Мы начали вязнуть в Афгане, вьетнамцы — в Кампучии.
Правда, в отличие от наших идеологов ханойские пропагандисты действовали тоньше. Не знаю, может быть, кто-то из них был очарован знаменитым полотном Верещагина «Апофеоз войны», но пирамиды из человеческих черепов среди тропических зарослей возводить они умели с необыкновенной художественной фантазией.
Мы приехали в местечко Пимро, где когда-то располагался агрономический колледж. Тишина вокруг была такая, что стрекот цикад резал уши. Несколько кхмерских товарищей из отдела печати. Несколько неизвестных товарищей из спецслужб Народной Кампучии.
Перед нами вырастает вот зелёная стена из увитого лианами бамбука, за которым выложена самая изощренная пирамида из черепов. По сравнению с ней зловещий холм, составленный тамерлановым воинством, и почти фотографически прописанный на верещагинском полотне, кажется маленьким бугорком. Прямо перед этой страшной рукотворной горой, огромная яма с булькающей гнилой водой зеленоватого оттенка. Смрад ужасный. Кого-то из группы выташнивает. Павлик близок к обморочному состоянию. Я чувствую, что начинаю сходить с ума.
— Пашка, — кричу я оператору, что неуместно в этой обстановке, — снимай геноцид! Вот он! Вот!
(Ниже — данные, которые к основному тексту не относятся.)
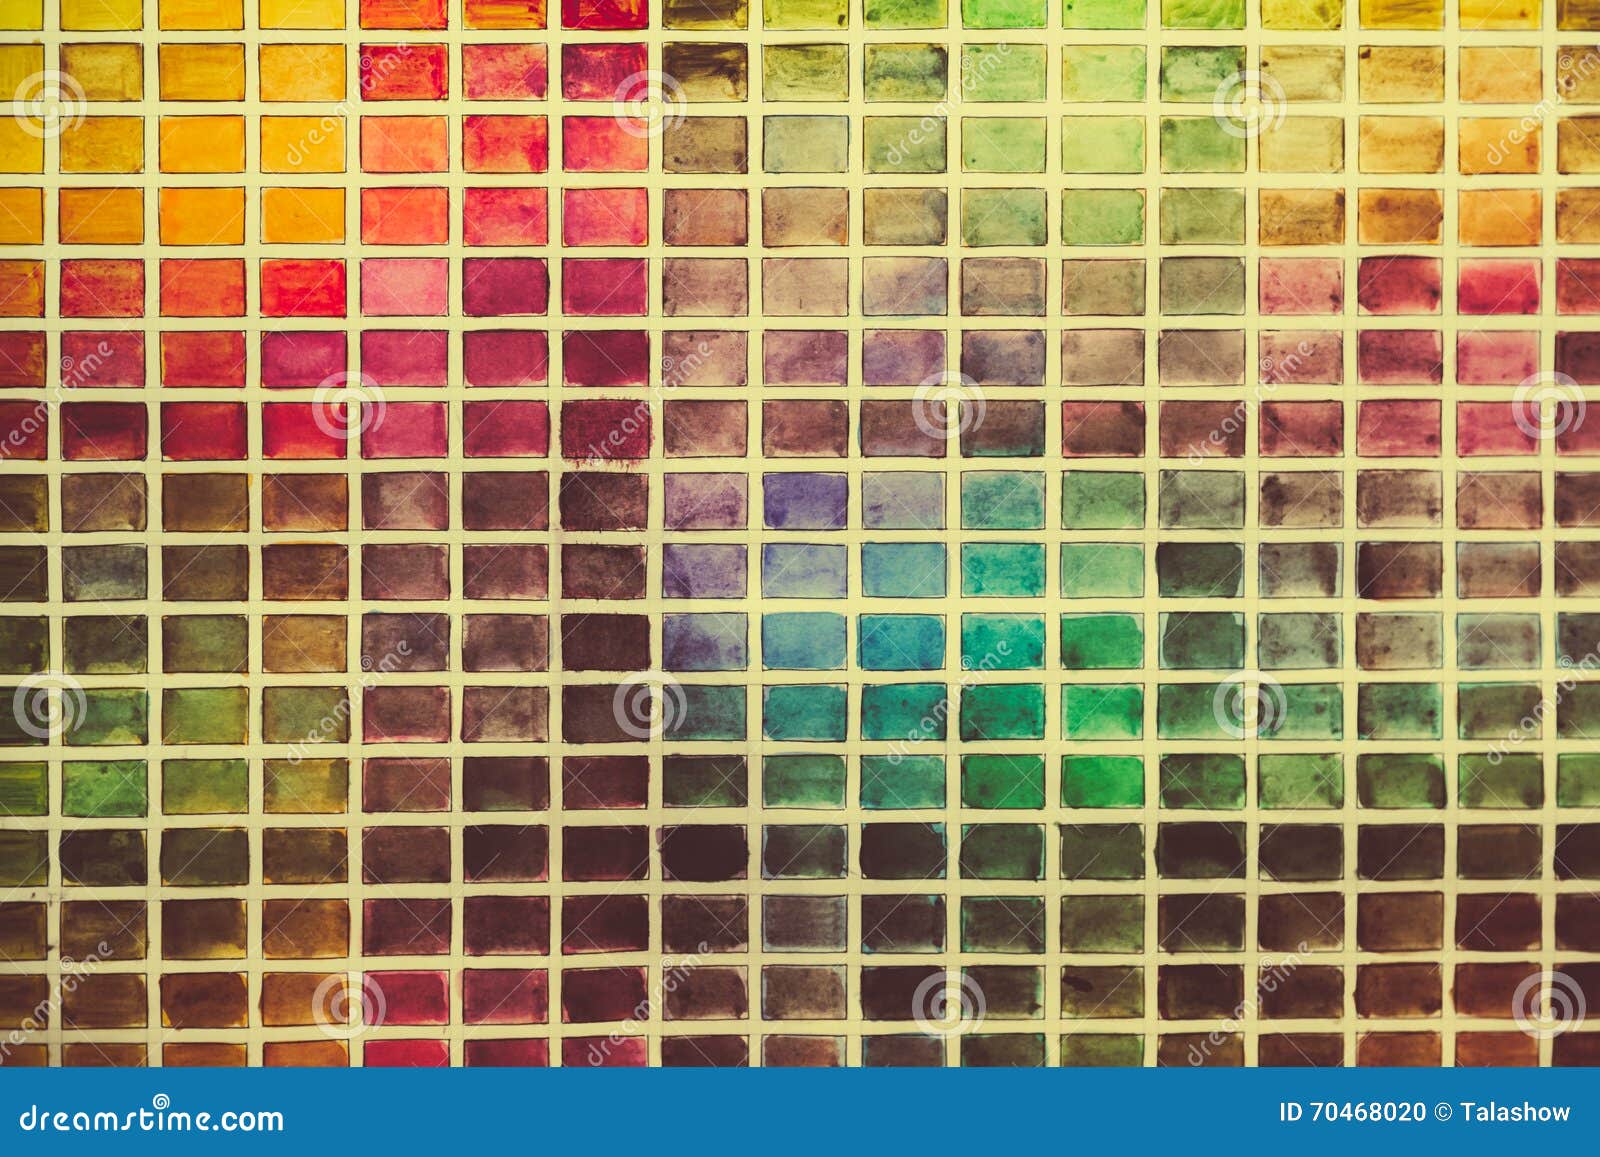 wall of the plurality of colored squares.

Показываю ему на не весть, кем брошенную на эту пирамиду смерти детскую соску и мужскую расчёску.
Право, не знаю, кто это сделал. Но такой наглядной пропаганды я больше не встречал нигде и никогда. Снимает Павел, снимают все остальные. И в этот момент с небес на нас обрушиваются потоки дождя. Трубин закрывает своим могучим торсом кинокамеру.
— Шеф, срочно беги к машине за плёнкой, иначе останемся без камеры.
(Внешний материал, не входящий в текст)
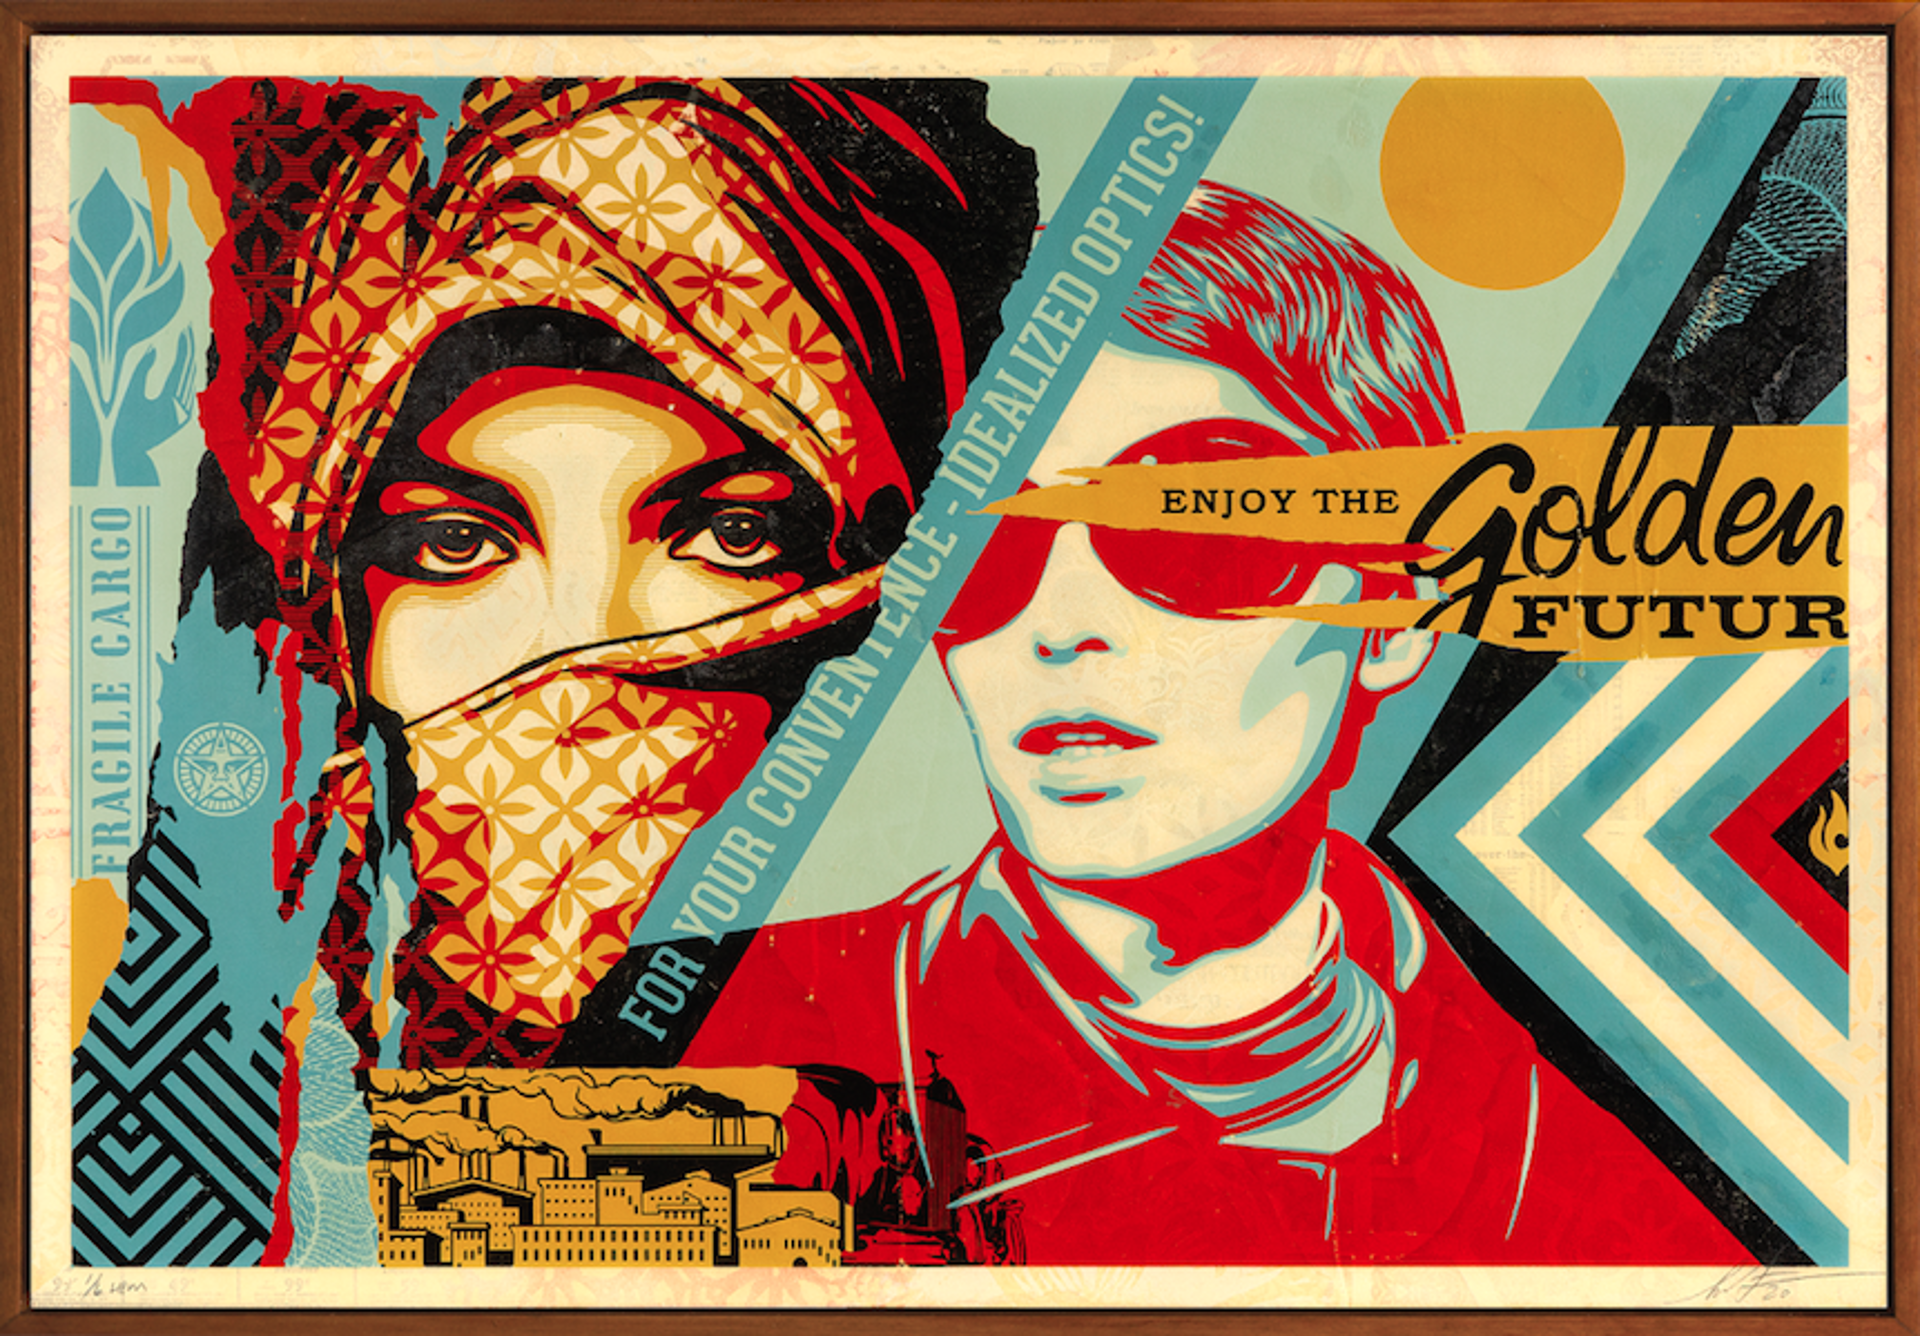 Golden Future by Shepard Fairey / Limited editions

Делать нечего. Я бреду под окружающей меня со всех сторон водой наискосок через поле, к стоящей на дороге у въезда в бывший колледж нашей канареечной «Ладе». Неожиданно проваливаюсь под землю. Понимаю, что свалился в могилу. Пытаюсь выбраться из нее. Рука упирается во что-то сколькое и округлое. Боже мой! В руке у меня череп. Крик застывает в глотке.
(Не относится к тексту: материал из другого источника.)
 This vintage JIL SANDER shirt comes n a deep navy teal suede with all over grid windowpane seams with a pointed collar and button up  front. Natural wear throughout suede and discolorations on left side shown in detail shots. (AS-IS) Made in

Я не знаю, как выбрался из этой ямы. Как заставил себя дойти до машины и взять в багажнике рулон полиэтиленовой плёнки. Не знаю, как шёл обратно к зелёным зарослям, за которыми скрывалась пирамида смерти.
Когда я пришёл с плёнкой к сбившейся кучке журналистов и наших гидов, ливень прекратился также внезапно, как начался. От моих джинсов и рубашки повалил пар. Я отдал плёнку Павлику и молча побрёл по начинающей тут же просыхать тропинке в обратный
Я был сыт по горло зрелищем, выставленной напоказ смерти. Этому, умело срежиссированному и смонтированному гениальными декораторами, перформансу. Его еще долгое время будут показывать доверчивым или циничным журналистам, для которых это всего лишь удачный объект съемки, за которую им отвалят кучу денег. Этот рукотворный апофеоз человеческой жестокости. Такой вот геноцид, твою мать!
Мы вернулись в Пномпень ближе к вечеру, и всю дорогу я молчал. В городе кто-то из посольских сказал, что в Москве умер Владимир Высоцкий. В магазине для дипломатов я купил три бутылки джина. Напиток был тот ещё. С мутным осадком на дне. Видать остался со времен падения лонноловского режима. Мне впрочем, было всё равно. Пашка поставил кассету с «банькой по черному» и мы пили этот сомнительный джин прямо из горлышка. Не умерли, однако. Джин был хоть и просроченный, но не суррогатный.
Вот так мы тогда работали.
«ВОСЬМАЯ ЖЕНА» ДЛЯ «ЧЁРНОГО ПОНЕДЕЛЬНИКА»
Август 1980
— Скажите, пожалуйста, месье Виктор, — сколько жён у русских казаков?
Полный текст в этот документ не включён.